Experts from the Bloomberg School of Public Health advise hospitals to use their flu preparedness protocols as a starting point for allocating resources to COVID-19 management. Top priorities for these organizations should be:

  • Comprehensive and realistic planning based on CDC FluSurge projections and collaborative planning among hospitals in a region
  • Limiting the nosocomial spread of the virus
  • Maintaining, augmenting, and stretching the workforce
  • Allocating limited resources in a rational, ethical, and organized manner to “do the greatest good for the greatest number”

Decisionmakers at all levels should be actively implementing these priorities by engaging in activities like dedicating a full-time infection prevention practitioner, stockpiling personal protective equipment, using buddy teaming, and identifying services and procedures that can be deferred.

NAM also recommends that healthcare providers develop “tiered, proactive strategies using the best available clinical information and building on their existing surge capacity plans to optimize resource use in the event the current outbreak spreads and creates severe resource demands.”

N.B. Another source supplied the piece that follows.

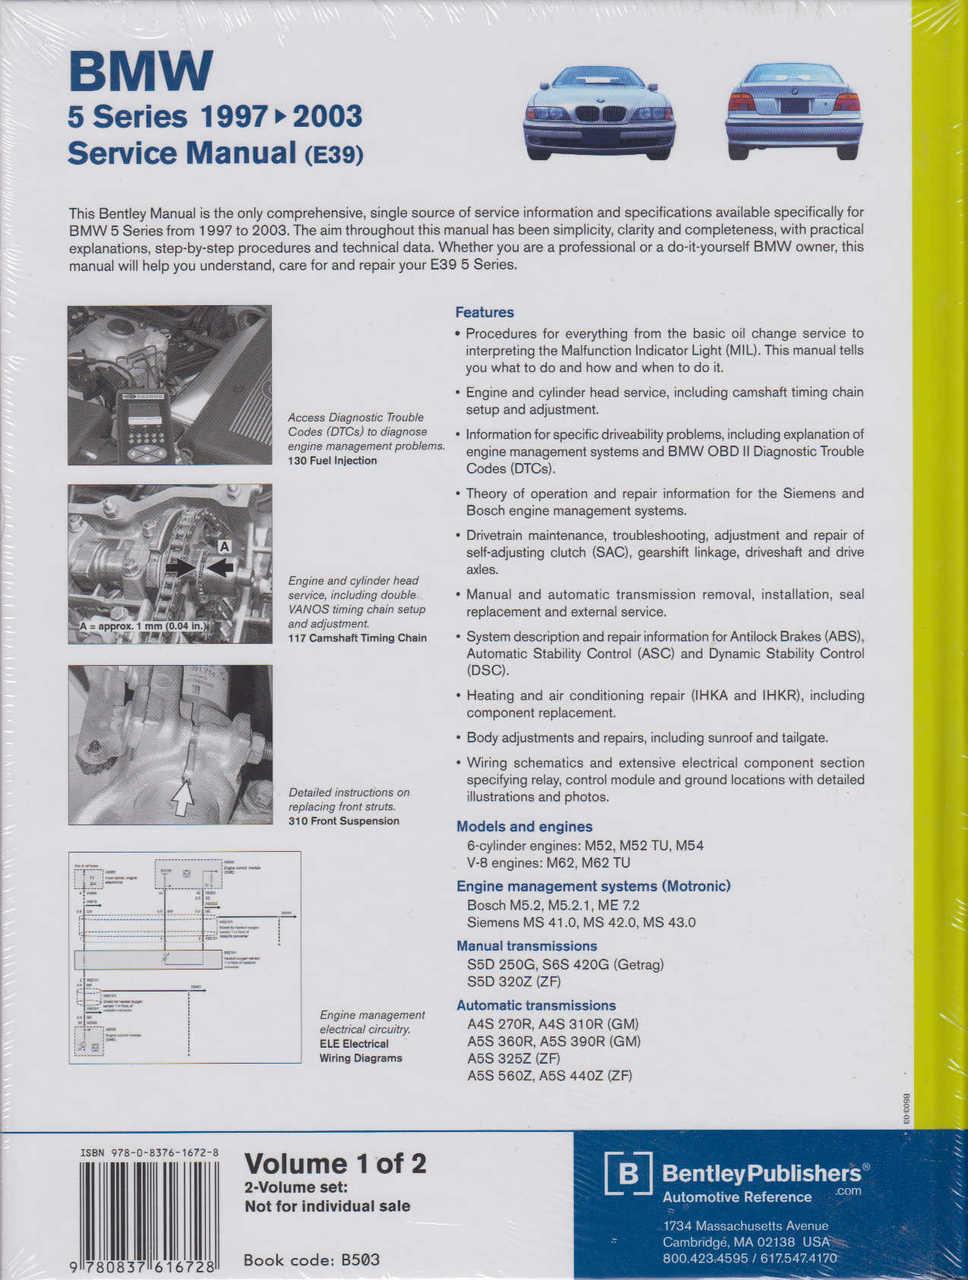 bmw 5 series e39 1997 2003 workshop manual bmw stereo wiring diagram bmw 5 series e39 525i, 528i, 530i, 540i 1997 2003 workshop manual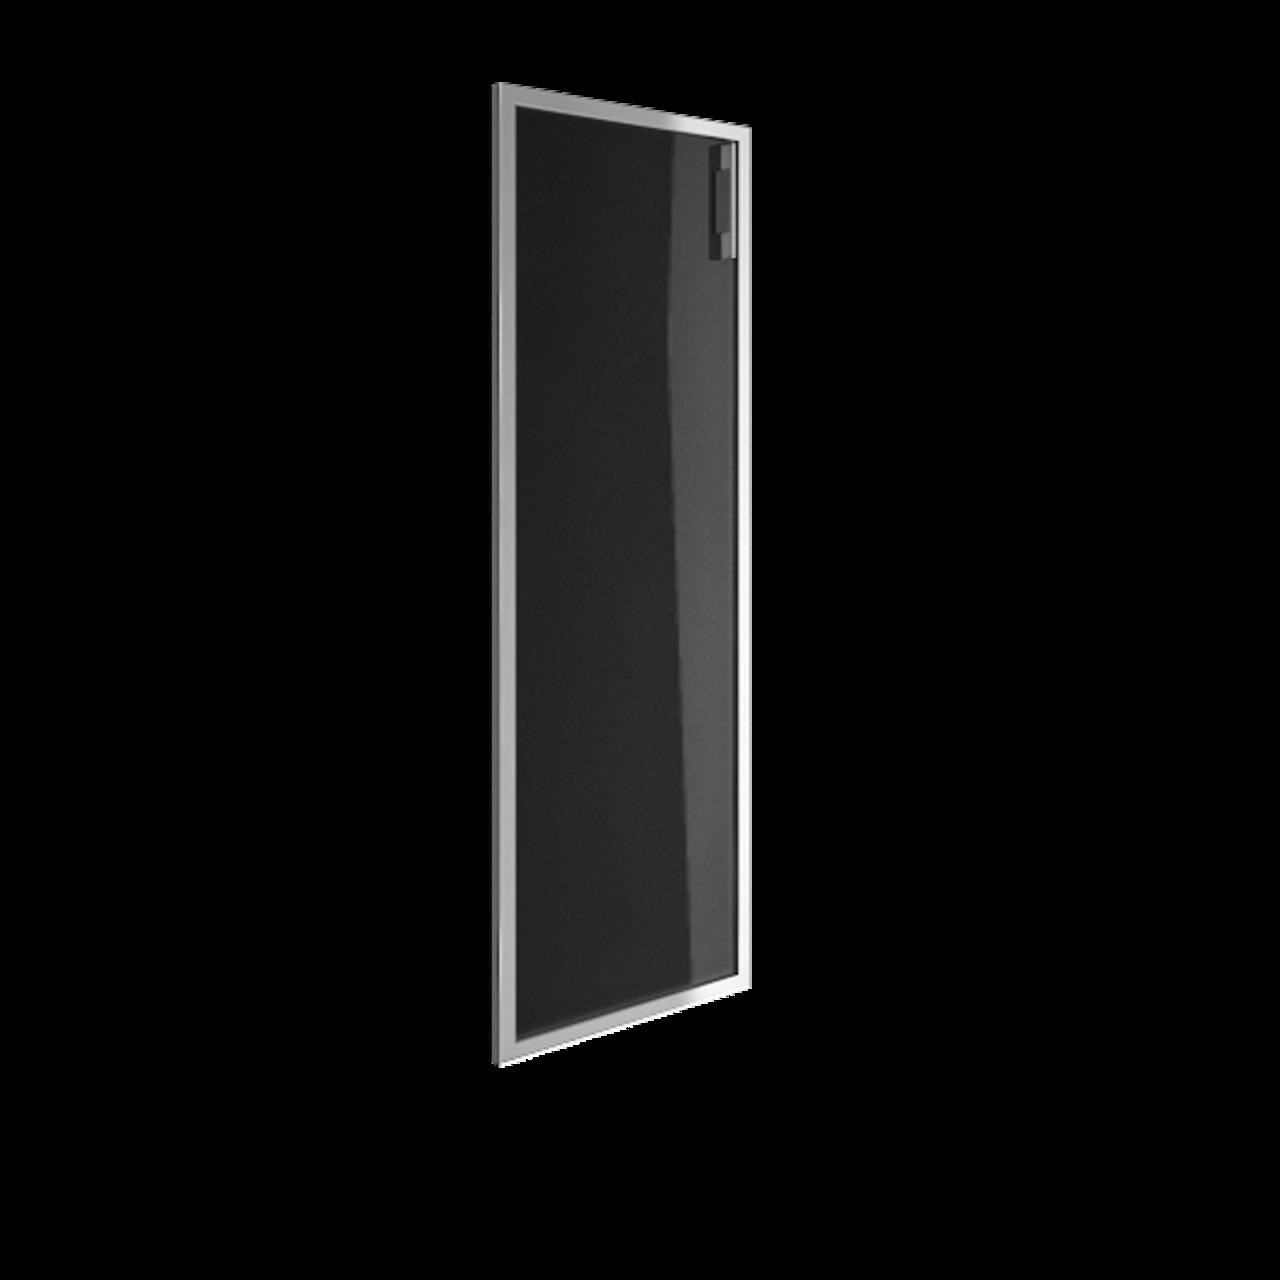 Дверь стекло в раме среднее Lacobel black левая - фото 3

Specifically, the organization tells providers to:

  • Protect their workforce by offering staff childcare, alternate housing, balanced shifts, and additional support and training
  • Preserve personal protection equipment by reserving these supplies for those performing high-risk interventions, using powered air-purifying respirators in high-risk environments, continuous use of the supplies in a cohorted patient environment, and more
  • Optimizing outpatient services by extending hours, adjusting staffing, closing or reducing specialty clinic hours, and changing documentation

NAM also provides resource allocation tips for other areas of care, including inpatient, critical care, and emergency department.

“It is important that hospitals take steps now to develop a process for decision making, anticipate what resources may be in shortage, and involve clinical staff in developing strategies to address a broad range of impact,” the organization concluded.